Kazakh Women Demand More Government Support After Fire Kills Family's Five Children

NUR-SULTAN -- Dozens of Kazakh women have gathered in the headquarters of the ruling Nur-Otan party demanding increased social allowances three days after another family lost several children in a fire as their parents were out of the apartment.

On February 22, the women demanded government housing for families with multiple children, a fourfold increase of social allowances for children, and a halt in the persecution of women who have picketed and rallied for the cause.

On February 19, five children were killed when a fire broke out in a five-story residential building in the town of Zhanatas. The father was at work at the time of the blaze while the mother had left the house to buy food at a shop.

"What happened in Zhambyl is another tragedy. Some officials we heard criticizing the poor children's parents for what happened. It's wrong. Children are dying in fires and other incidents across the country. And that is not the parents' fault. They simply are surviving and very often must leave their children alone in homes. If the government increased financial allowances to support children, things like that would not have happened," one of the protesting women Zhumaghyz Kokeshova said.

In February 2019, another fire in a small house near Nur-Sultan killed five children from the same family when both parents were at work on night shifts.

That deadly fire also sparked waves of protests across the Central Asian nation, with people demanding increased social support and financial allowances for families with several children and low incomes.

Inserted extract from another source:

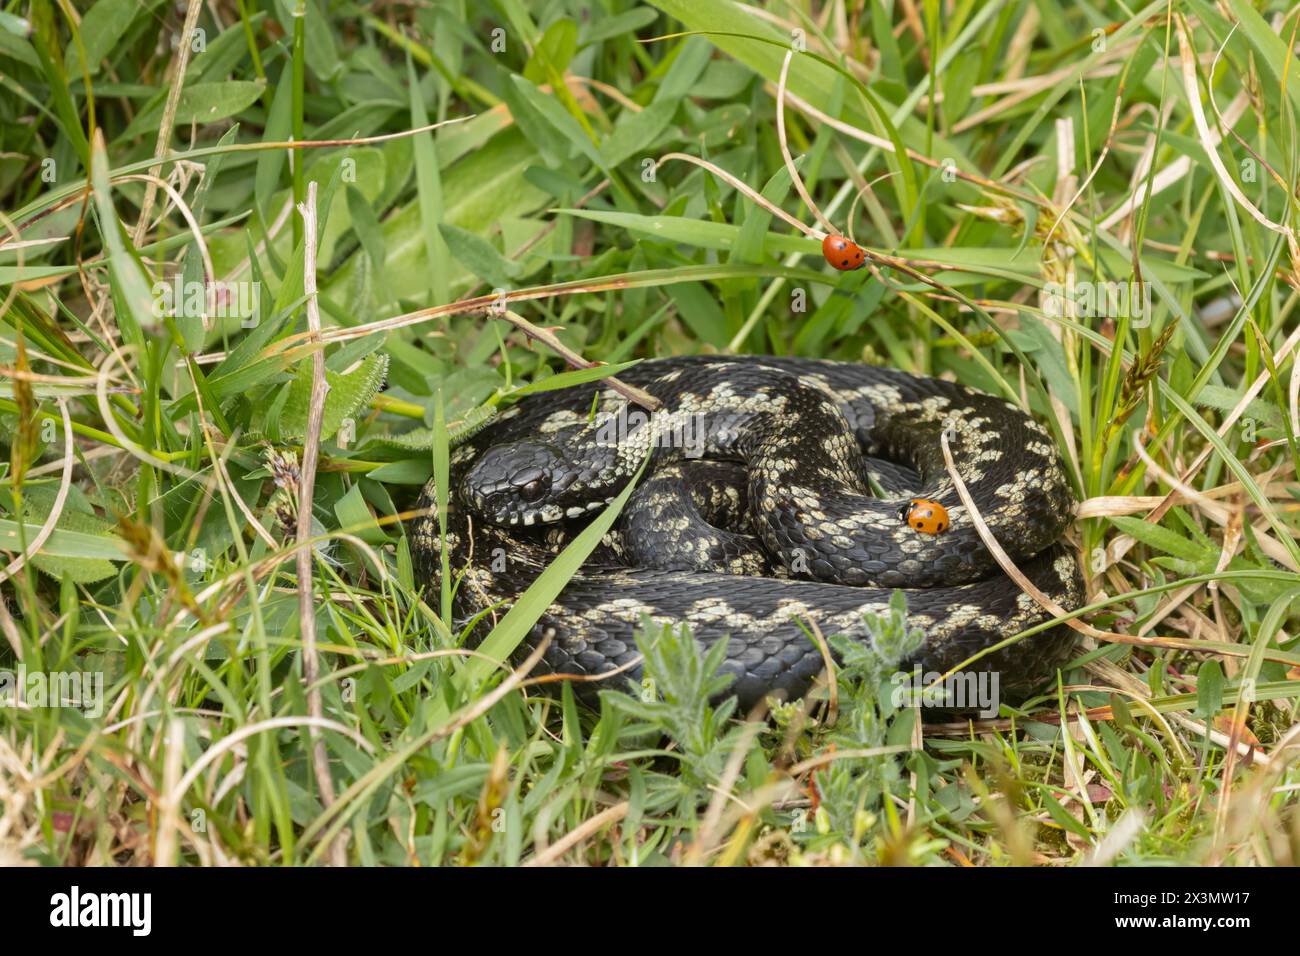 Europäische Adler (Vipera berus), adulte Schlange, die sich im Grasland mit einem Marienkäfer auf ihrem Körper befindet, England, Vereinigtes Königreich Stockfoto

The women on February 22 demanded lawmakers representing Nur-Otan in parliament to meet with them, chanting "Lawmakers! Come Out!"

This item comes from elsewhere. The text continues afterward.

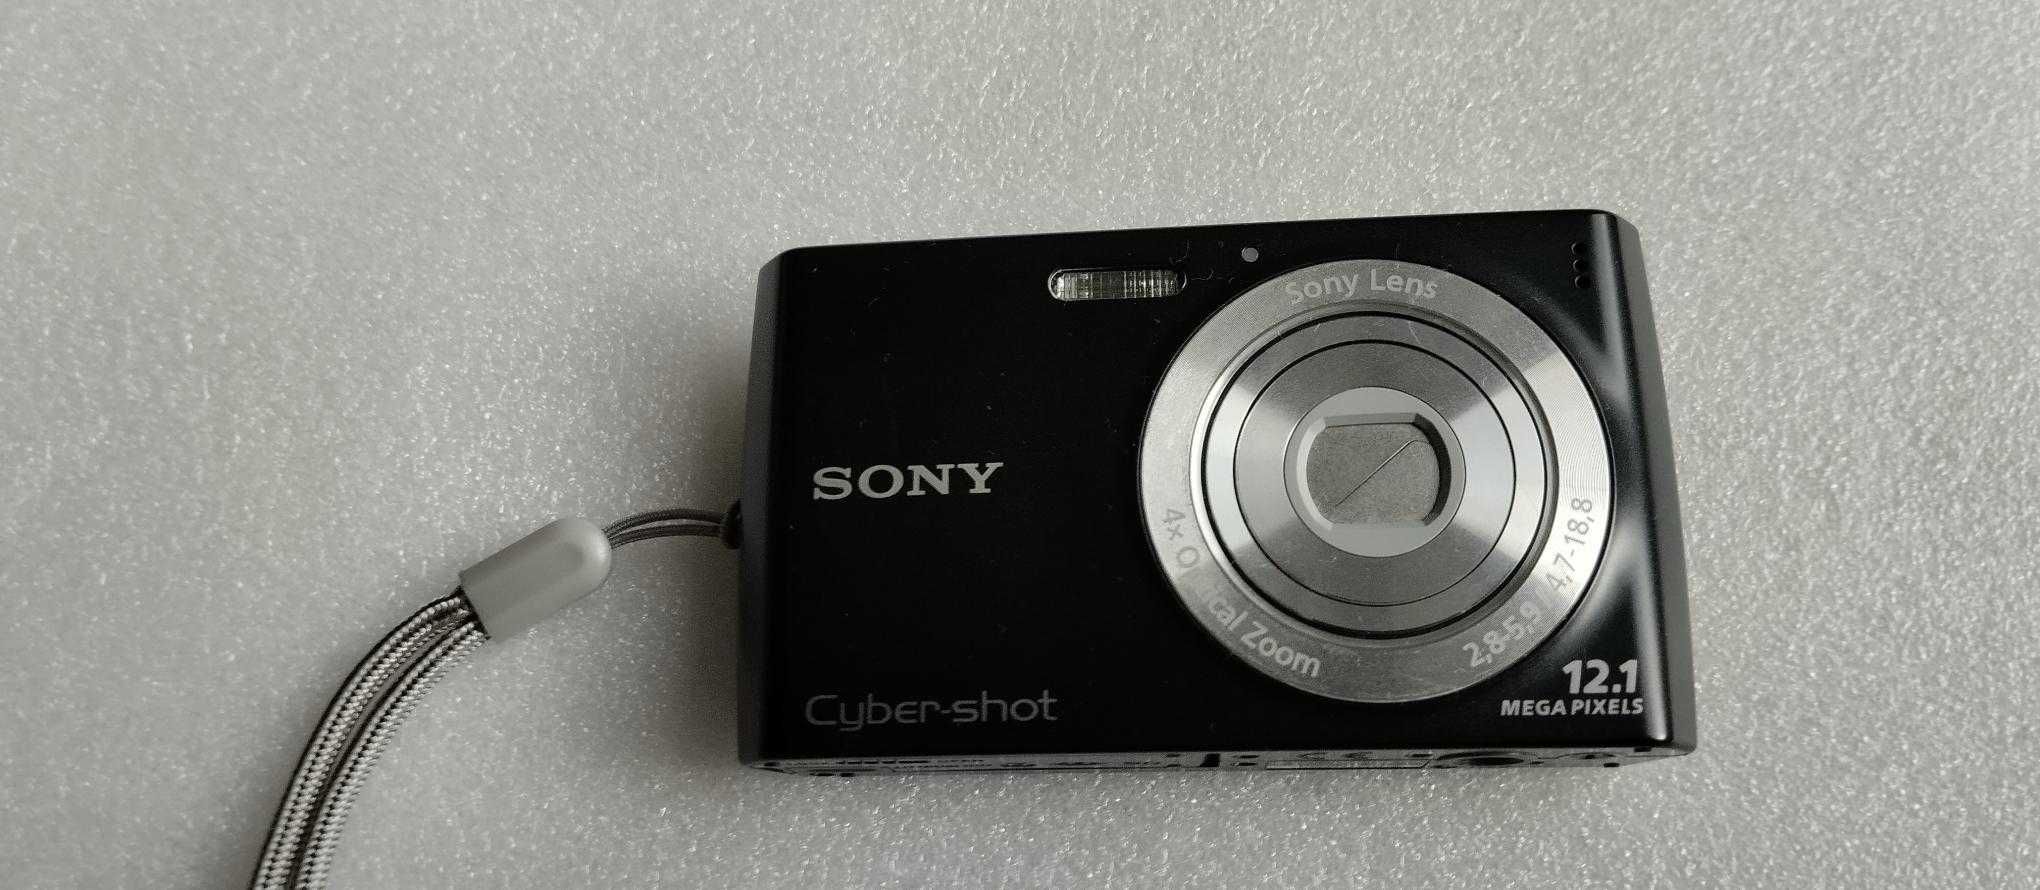 Sony Cybershot DSC W510

They also sought the immediate release of Feruza Sapar, who they say was detained over the weekend after police stopped some of the women when they tried to reach Zhanatas to meet the family after its tragedy.

When party officials invited them to a congress hall in the building but warned that journalists would be barred, the women refused and continued their protest in the main hall of the headquarters.

Daulet Karibek, the deputy chairman of Nur-Otan's branch in Nur-Sultan, advised the women to go to another building in the city where, according to him, the party could handle their complaints in written form.

The women rejected the suggestion, saying that they had written "tons of complaints already, but there have been no results."